这与 Predict with step_naomit and retain ID using tidymodels 是同一个问题,但即使有一个可接受的答案,OP 的最后评论指出了“id 变量”被用作预测变量的问题,正如在查看 model$fit$variable.importance 时所见.
我有一个包含“id 变量”的数据集,我想保留。 我认为我可以通过 recipe() 规范实现这一点。
library(tidymodels)
# label is an identifier variable I want to keep even though it's not
# a predictor
df <- tibble(label = 1:50,
x = rnorm(50, 0, 5),
f = factor(sample(c('a', 'b', 'c'), 50, replace = TRUE)),
y = factor(sample(c('Y', 'N'), 50, replace = TRUE)) )
df_split <- initial_split(df, prop = 0.70)
# Make up any recipe: just note I specify 'label' as "id variable"
rec <- recipe(training(df_split)) %>%
update_role(label, new_role = "id variable") %>%
update_role(y, new_role = "outcome") %>%
update_role(x, new_role = "predictor") %>%
update_role(f, new_role = "predictor") %>%
step_corr(all_numeric(), -all_outcomes()) %>%
step_dummy(all_predictors(),-all_numeric()) %>%
step_meanimpute(all_numeric(), -all_outcomes())
train_juiced <- prep(rec, training(df_split)) %>% juice()

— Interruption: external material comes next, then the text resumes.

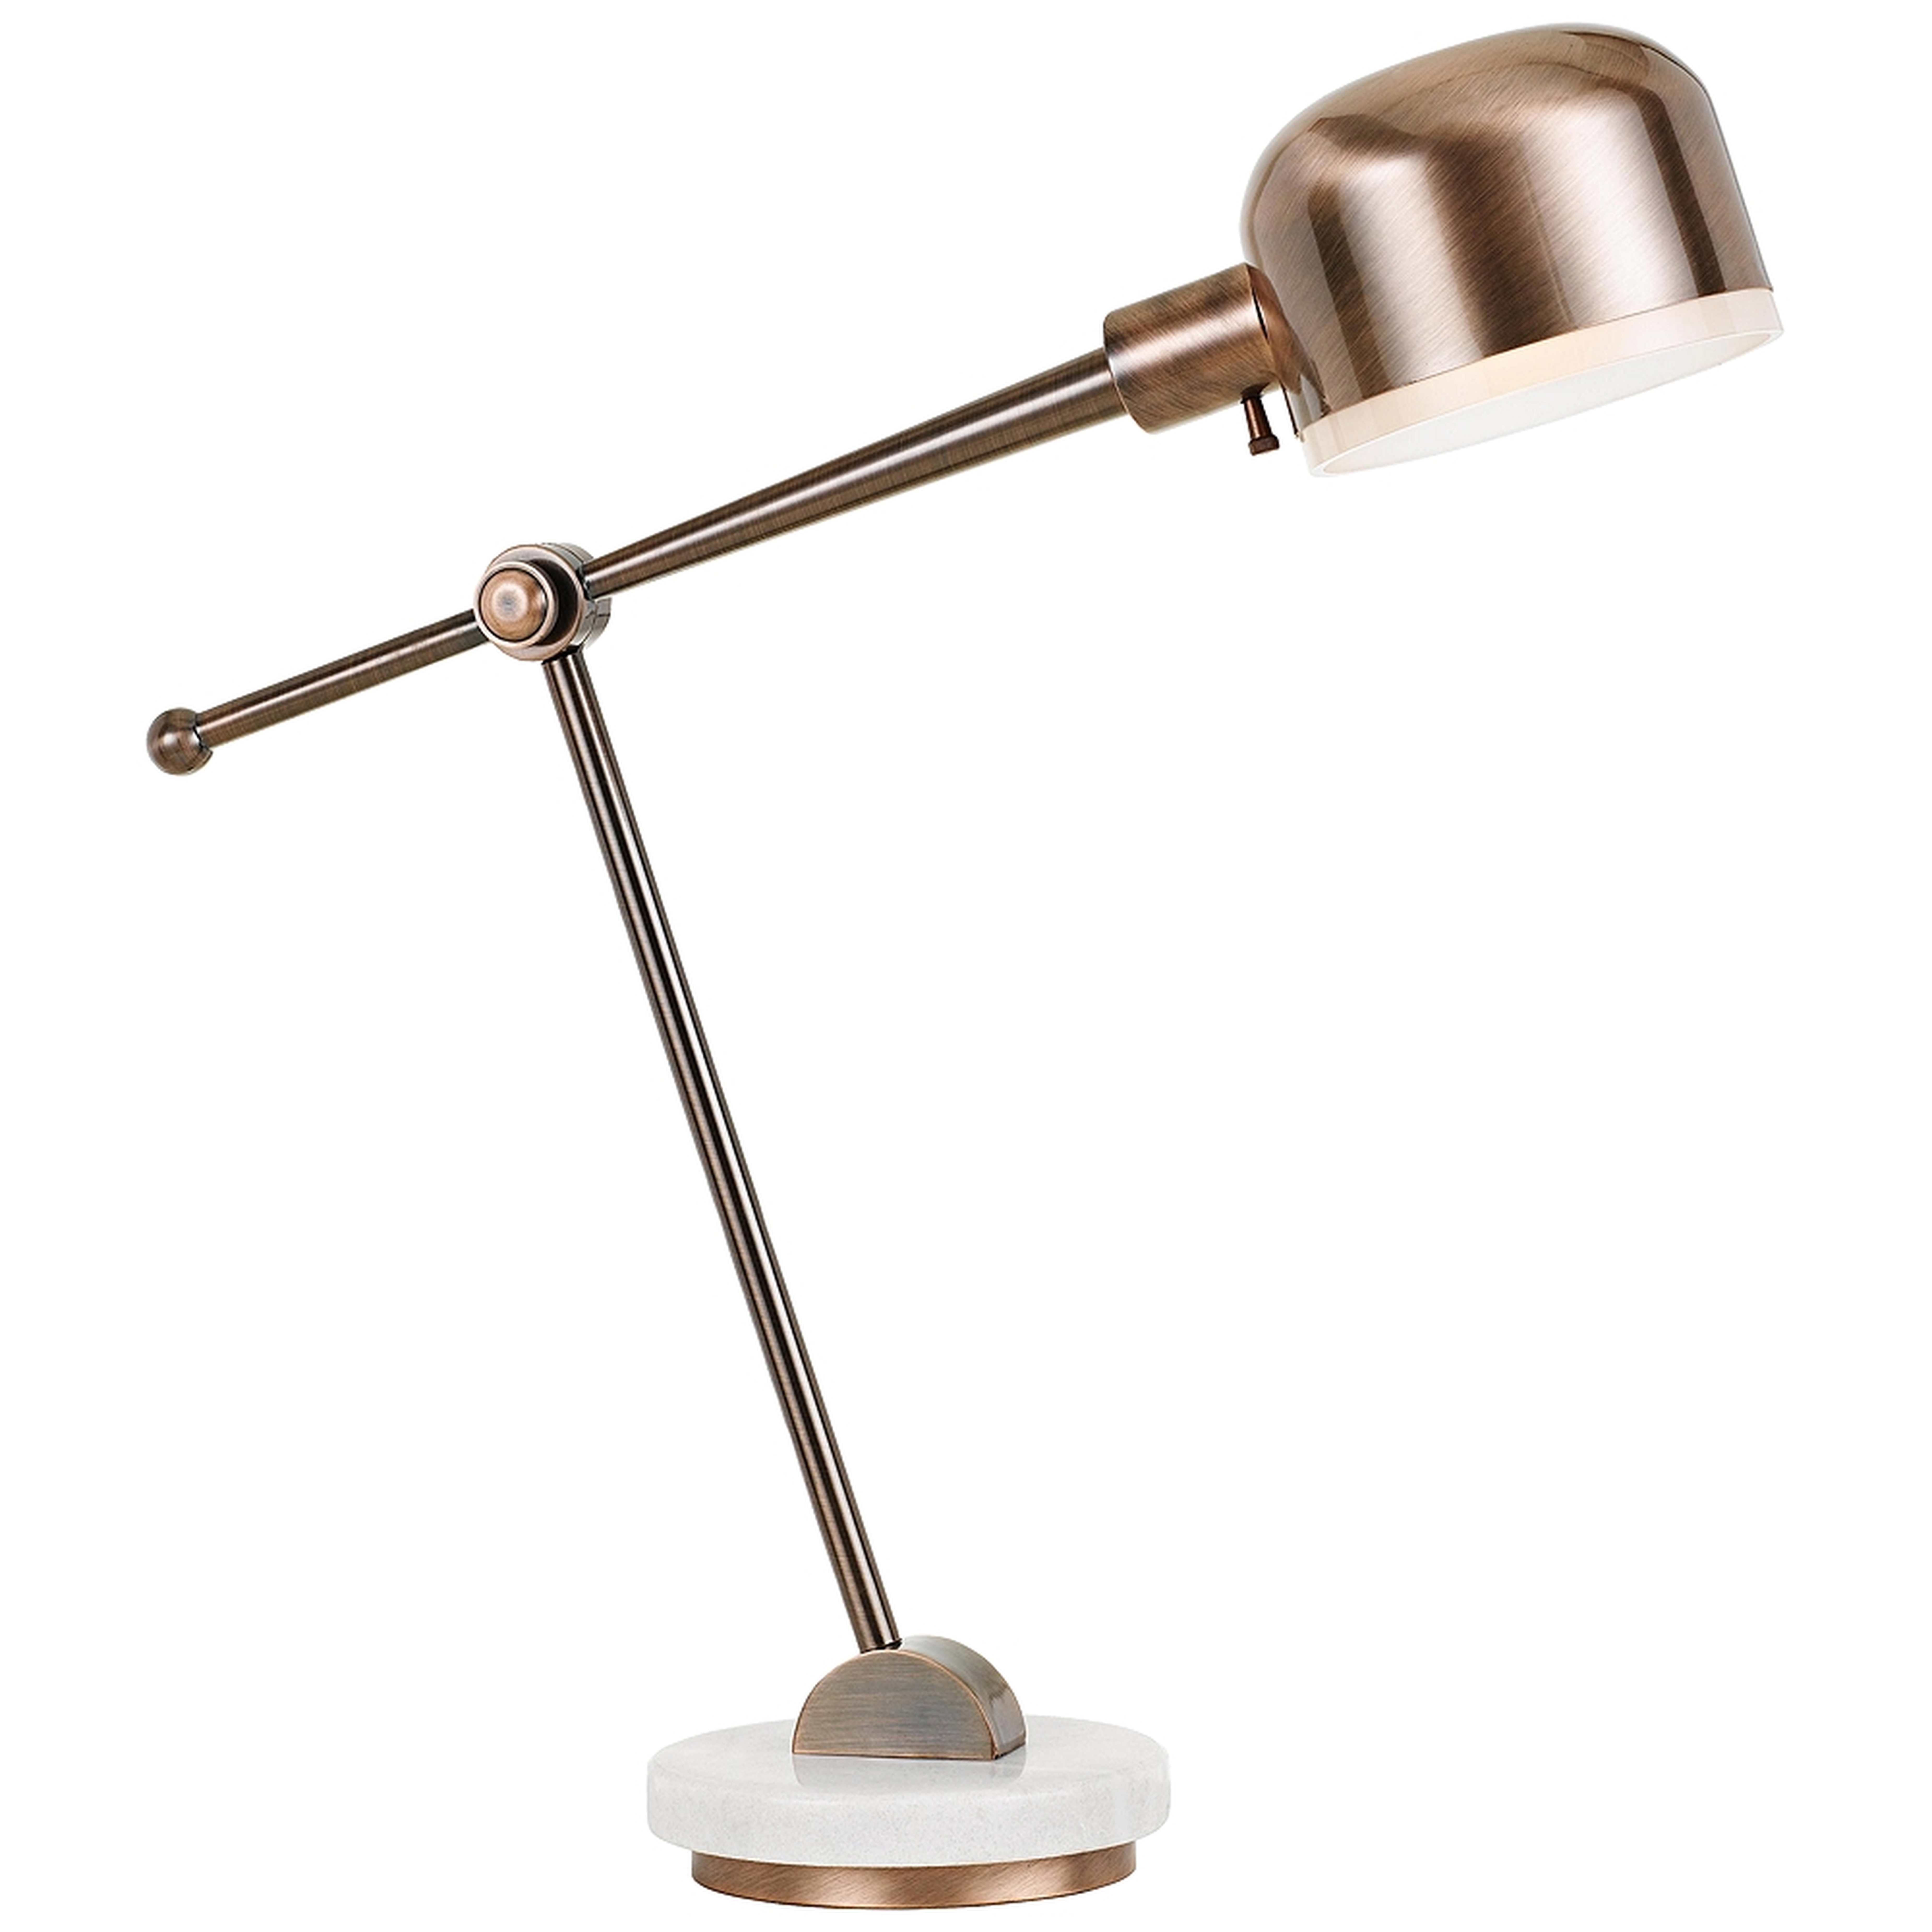 Allendale Copper Metal Adjustable Desk Lamp - Style # 40C80 - Lamps Plus

logit_fit <- logistic_reg(mode = "classification") %>%
set_engine(engine = "glm") %>%
fit(y ~ ., data = train_juiced)
# Why is label a variable in the model ?
logit_fit[['fit']][['coefficients']]
#> (Intercept) label x f_b f_c
#> 1.03664140 -0.01405316 0.22357266 -1.80701531 -1.66285399
由 reprex package 创建于 2020-01-27 (v0.3.0)
但即使我确实指定 label 是一个 id 变量,它仍被用作预测变量。
所以也许我可以在公式中使用我想要的特定术语,并专门添加 label 作为 id 变量。

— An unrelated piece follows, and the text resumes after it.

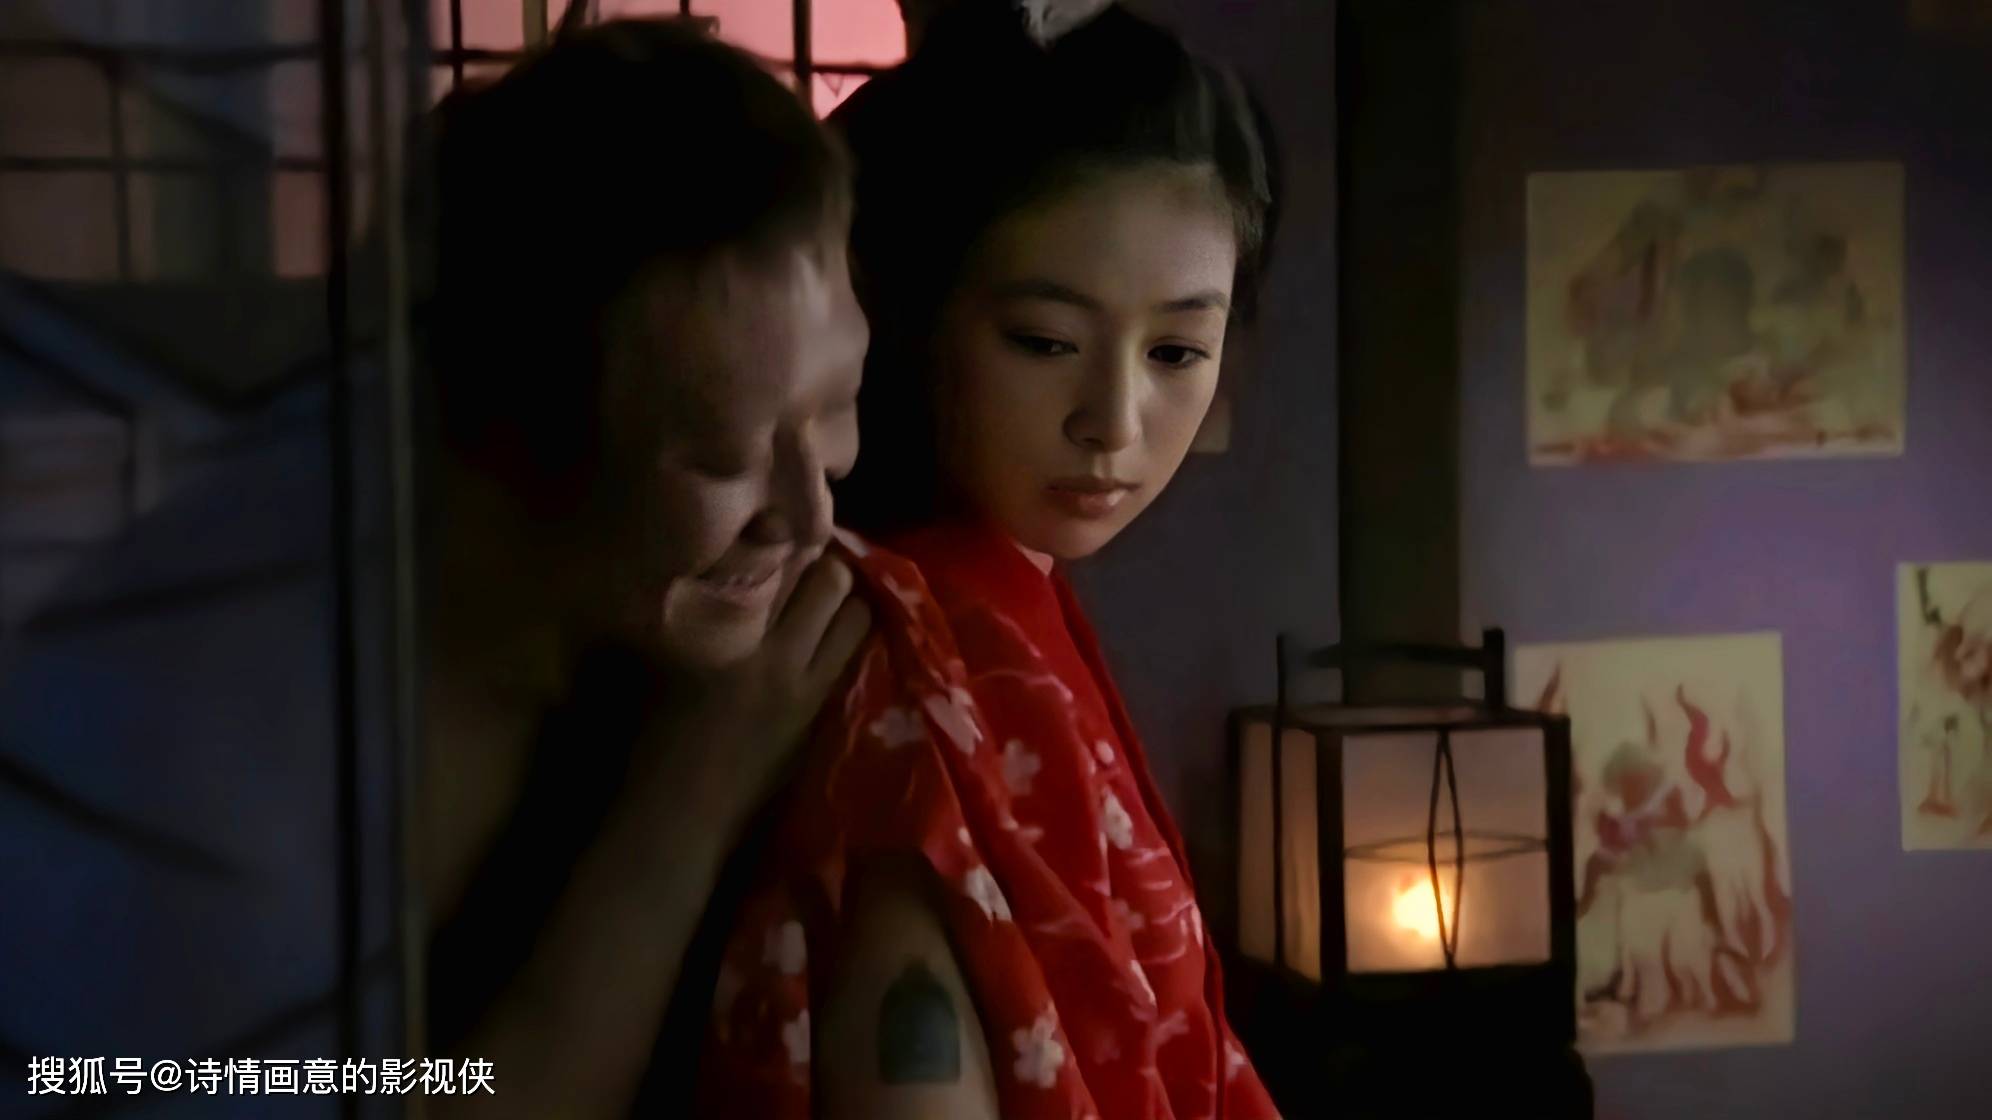 日本禁忌题材电影《樱姬》:情欲与抉择的江户物语

rec <- recipe(training(df_split), y ~ x + f) %>%
update_role(label, new_role = "id variable") %>%
step_corr(all_numeric(), -all_outcomes()) %>%
step_dummy(all_predictors(),-all_numeric()) %>%
step_meanimpute(all_numeric(), -all_outcomes())
#> Error in .f(.x[[i]], ...): object 'label' not found
由 reprex package 创建于 2020-01-27 (v0.3.0)
我可以尝试不提及 label
rec <- recipe(training(df_split), y ~ x + f) %>%
step_corr(all_numeric(), -all_outcomes()) %>%
step_dummy(all_predictors(),-all_numeric()) %>%
step_meanimpute(all_numeric(), -all_outcomes())

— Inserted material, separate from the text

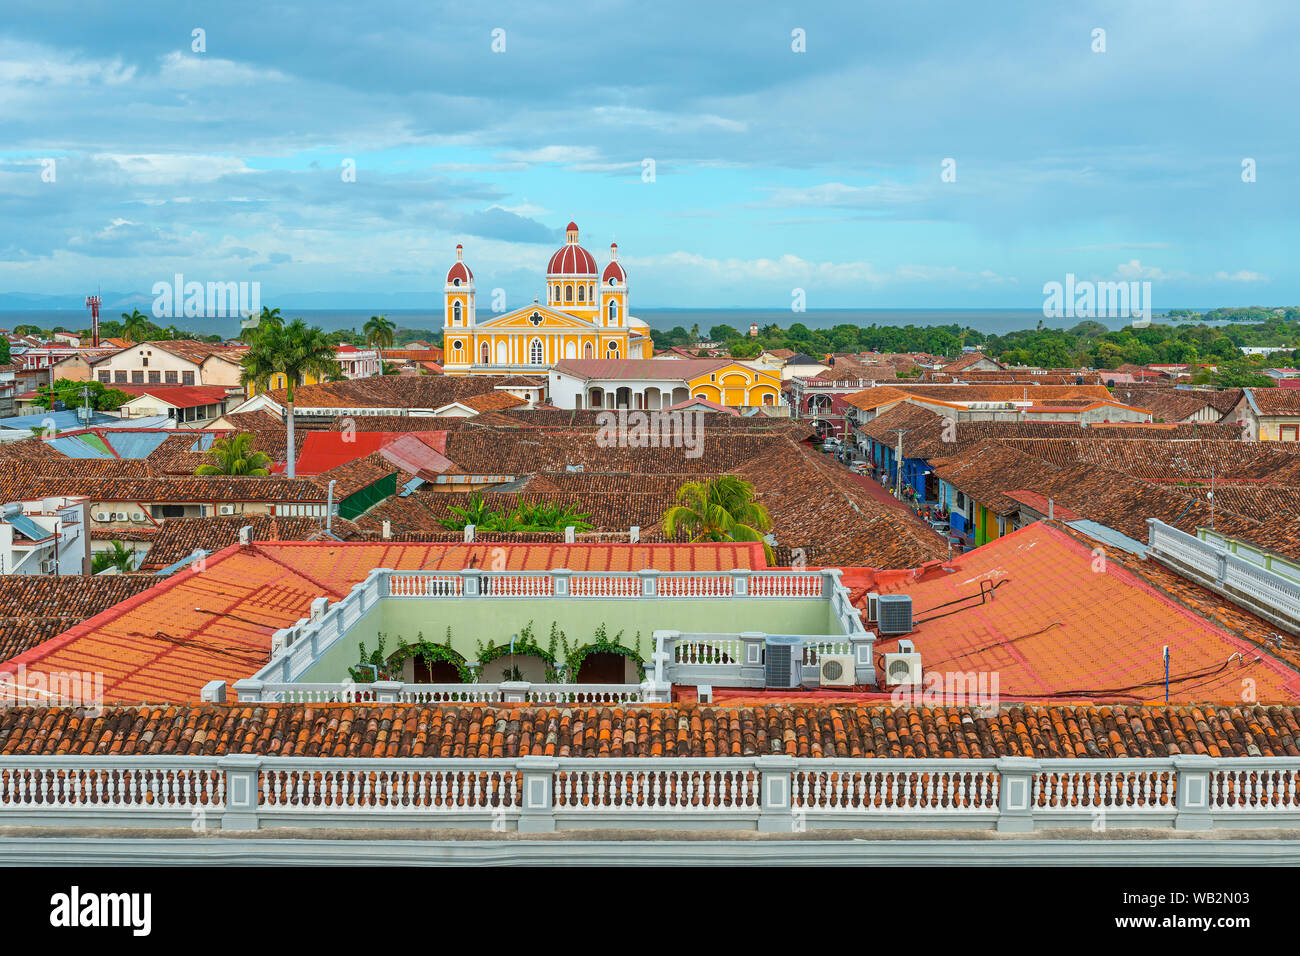 Stadtbild von der Stadt Granada mit seinen bunten gelbe Kathedrale, spanischen Kolonialstil Architektur und den Nicaragua See im Hintergrund, Nicaragua. Stockfoto

train_juiced <- prep(rec, training(df_split)) %>% juice()
logit_fit <- logistic_reg(mode = "classification") %>%
set_engine(engine = "glm") %>%
fit(y ~ ., data = train_juiced)
# Why is label a variable in the model ?
logit_fit[['fit']][['coefficients']]
#> (Intercept) x f_b f_c
#> -0.98950228 0.03734093 0.98945339 1.27014824
train_juiced
#> # A tibble: 35 x 4
#> x y f_b f_c
#> <dbl> <fct> <dbl> <dbl>
#> 1 -0.928 Y 1 0
#> 2 4.54 N 0 0
#> 3 -1.14 N 1 0
#> 4 -5.19 N 1 0
#> 5 -4.79 N 0 0
#> 6 -6.00 N 0 0
#> 7 3.83 N 0 1
#> 8 -8.66 Y 1 0
#> 9 -0.0849 Y 1 0
#> 10 -3.57 Y 0 1
#> # ... with 25 more rows
由 reprex package 创建于 2020-01-27 (v0.3.0)
好的,模型可以用了,但是我的标签不见了。
我应该怎么做?
最佳答案
您遇到的主要问题/概念性问题是,一旦您juice() 配方,它就只是数据,即字面上只是一个数据框。当您使用它来拟合模型时,模型无法知道某些变量具有特殊作用。
library(tidymodels)
# label is an identifier variable to keep even though it's not a predictor
df <- tibble(label = 1:50,
x = rnorm(50, 0, 5),
f = factor(sample(c('a', 'b', 'c'), 50, replace = TRUE)),
y = factor(sample(c('Y', 'N'), 50, replace = TRUE)) )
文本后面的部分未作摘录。